(INPUT FOR THIS TASK)
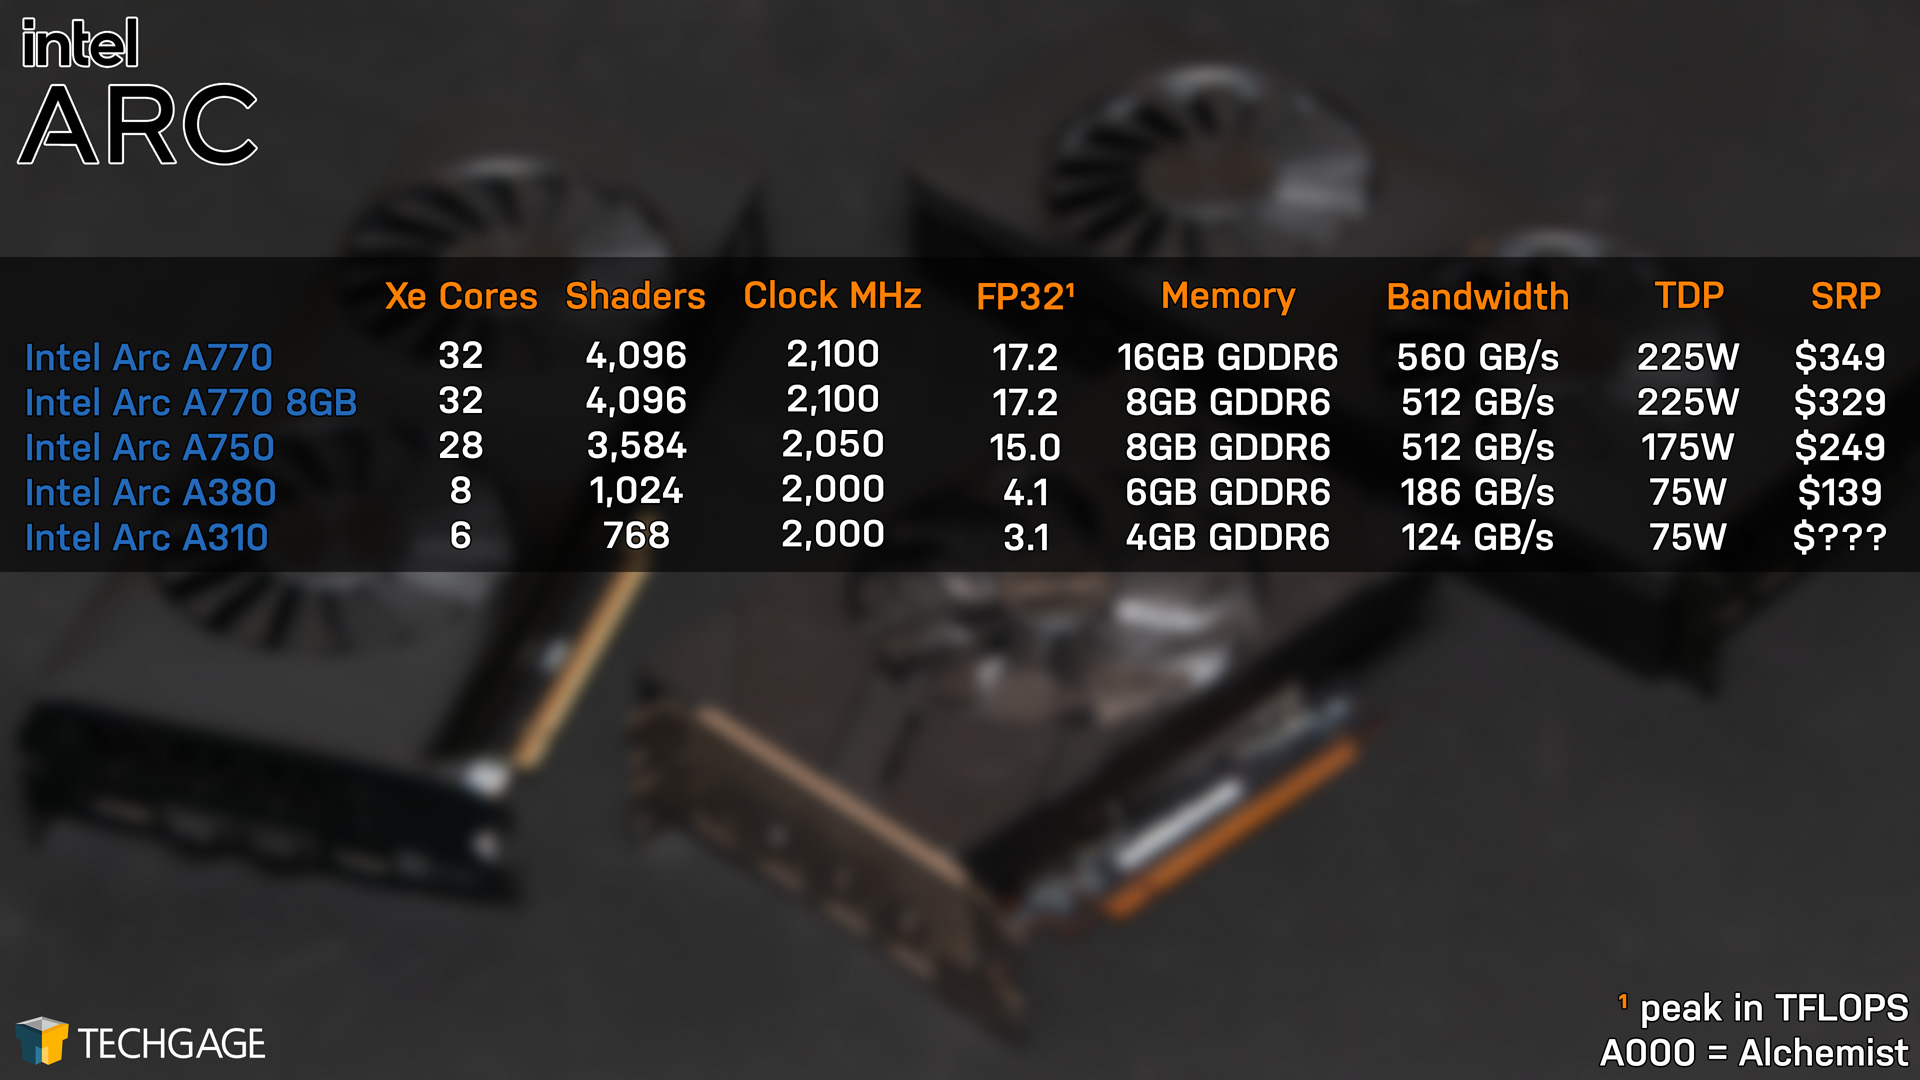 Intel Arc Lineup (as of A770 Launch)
(End INPUT FOR THIS TASK)
(INPUT FOR THIS TASK)
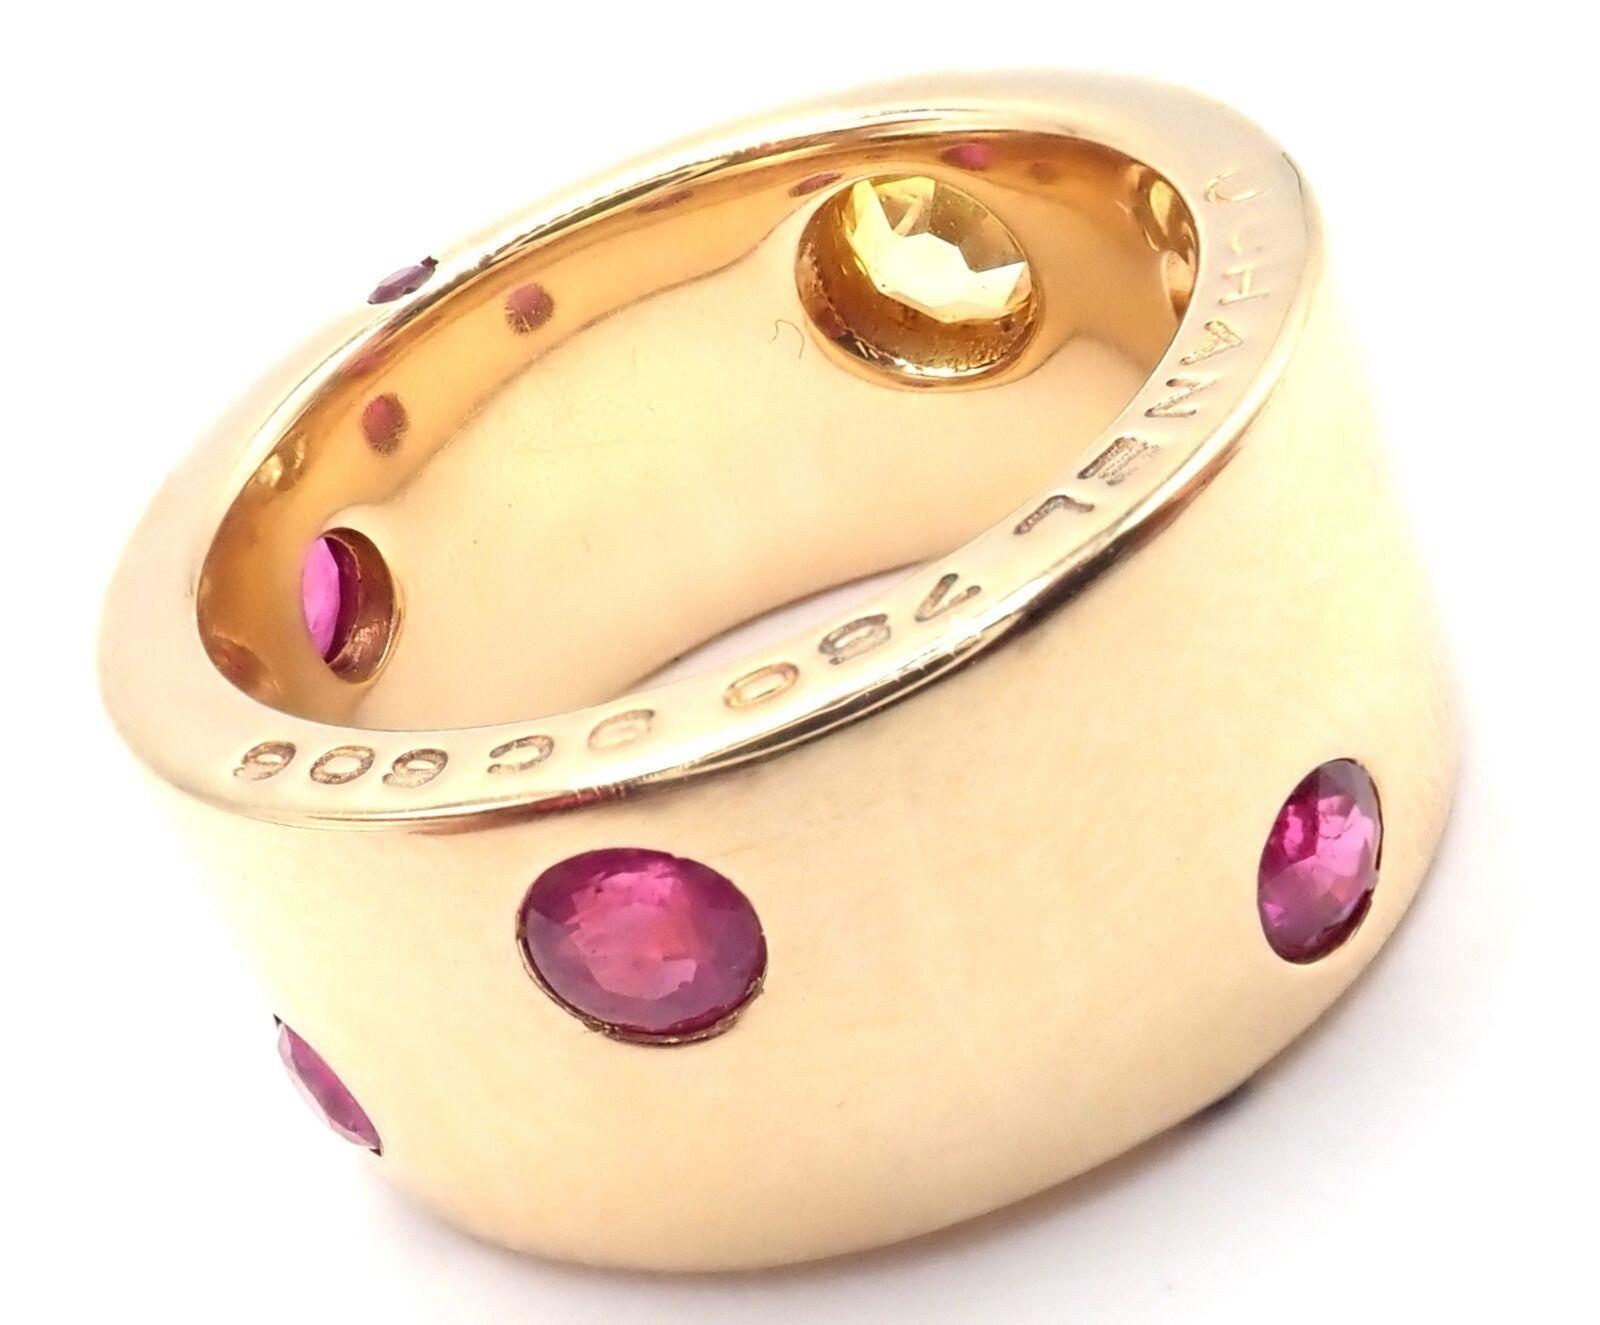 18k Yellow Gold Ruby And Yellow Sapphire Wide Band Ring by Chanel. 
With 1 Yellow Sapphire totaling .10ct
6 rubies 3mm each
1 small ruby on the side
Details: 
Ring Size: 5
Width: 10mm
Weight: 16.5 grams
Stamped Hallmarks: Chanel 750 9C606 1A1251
(End INPUT FOR THIS TASK)
◆ EXERCISE AIM: Extract the lines of the preceding material that run from the line with "Weight: 16.5 grams" through the line with "Stamped Hallmarks: Chanel 750 9C606 1A1251", inclusive, reproducing them exactly and adding nothing.

◆ ANSWER TO THIS EXERCISE:
Weight: 16.5 grams
Stamped Hallmarks: Chanel 750 9C606 1A1251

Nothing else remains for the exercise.